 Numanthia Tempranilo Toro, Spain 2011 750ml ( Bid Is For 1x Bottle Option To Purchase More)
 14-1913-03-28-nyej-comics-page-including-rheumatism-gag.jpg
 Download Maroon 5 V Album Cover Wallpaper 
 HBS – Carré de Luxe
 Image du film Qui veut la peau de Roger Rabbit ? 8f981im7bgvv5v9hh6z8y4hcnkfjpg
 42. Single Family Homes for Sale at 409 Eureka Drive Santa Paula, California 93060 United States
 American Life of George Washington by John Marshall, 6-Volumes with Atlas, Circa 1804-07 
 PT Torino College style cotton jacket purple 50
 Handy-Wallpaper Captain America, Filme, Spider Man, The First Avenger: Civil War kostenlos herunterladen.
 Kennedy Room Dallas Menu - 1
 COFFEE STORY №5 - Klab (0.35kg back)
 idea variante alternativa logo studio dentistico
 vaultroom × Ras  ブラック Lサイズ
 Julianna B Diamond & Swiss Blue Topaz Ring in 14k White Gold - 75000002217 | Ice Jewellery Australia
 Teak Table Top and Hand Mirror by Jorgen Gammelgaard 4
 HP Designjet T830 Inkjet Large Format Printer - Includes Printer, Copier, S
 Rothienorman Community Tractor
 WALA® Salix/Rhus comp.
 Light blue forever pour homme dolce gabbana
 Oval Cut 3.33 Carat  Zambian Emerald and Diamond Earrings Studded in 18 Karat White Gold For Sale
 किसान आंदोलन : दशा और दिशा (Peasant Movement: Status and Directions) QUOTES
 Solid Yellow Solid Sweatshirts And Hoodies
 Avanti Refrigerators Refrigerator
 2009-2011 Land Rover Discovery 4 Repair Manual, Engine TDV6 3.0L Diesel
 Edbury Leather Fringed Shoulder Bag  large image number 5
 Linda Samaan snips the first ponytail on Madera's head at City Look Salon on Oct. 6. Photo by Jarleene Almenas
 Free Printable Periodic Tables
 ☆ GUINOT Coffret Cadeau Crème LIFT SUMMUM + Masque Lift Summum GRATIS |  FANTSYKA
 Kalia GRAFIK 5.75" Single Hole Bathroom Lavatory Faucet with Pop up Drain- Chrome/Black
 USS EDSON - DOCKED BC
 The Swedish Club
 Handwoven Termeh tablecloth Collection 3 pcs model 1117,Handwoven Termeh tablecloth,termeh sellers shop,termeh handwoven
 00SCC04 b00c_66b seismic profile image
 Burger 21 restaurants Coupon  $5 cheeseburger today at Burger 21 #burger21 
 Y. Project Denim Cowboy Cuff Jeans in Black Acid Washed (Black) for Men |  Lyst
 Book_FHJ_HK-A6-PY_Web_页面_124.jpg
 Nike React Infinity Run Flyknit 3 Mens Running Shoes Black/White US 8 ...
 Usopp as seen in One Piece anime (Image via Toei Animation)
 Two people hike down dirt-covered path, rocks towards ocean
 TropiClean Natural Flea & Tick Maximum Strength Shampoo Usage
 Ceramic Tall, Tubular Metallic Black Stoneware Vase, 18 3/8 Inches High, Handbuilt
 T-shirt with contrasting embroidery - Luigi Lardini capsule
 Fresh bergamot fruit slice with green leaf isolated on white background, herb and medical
+ + + + +
Task brief>
Find the word "Sale" in the listing and copy each line that contains it.

Answer space>
 42. Single Family Homes for Sale at 409 Eureka Drive Santa Paula, California 93060 United States
 Oval Cut 3.33 Carat  Zambian Emerald and Diamond Earrings Studded in 18 Karat White Gold For Sale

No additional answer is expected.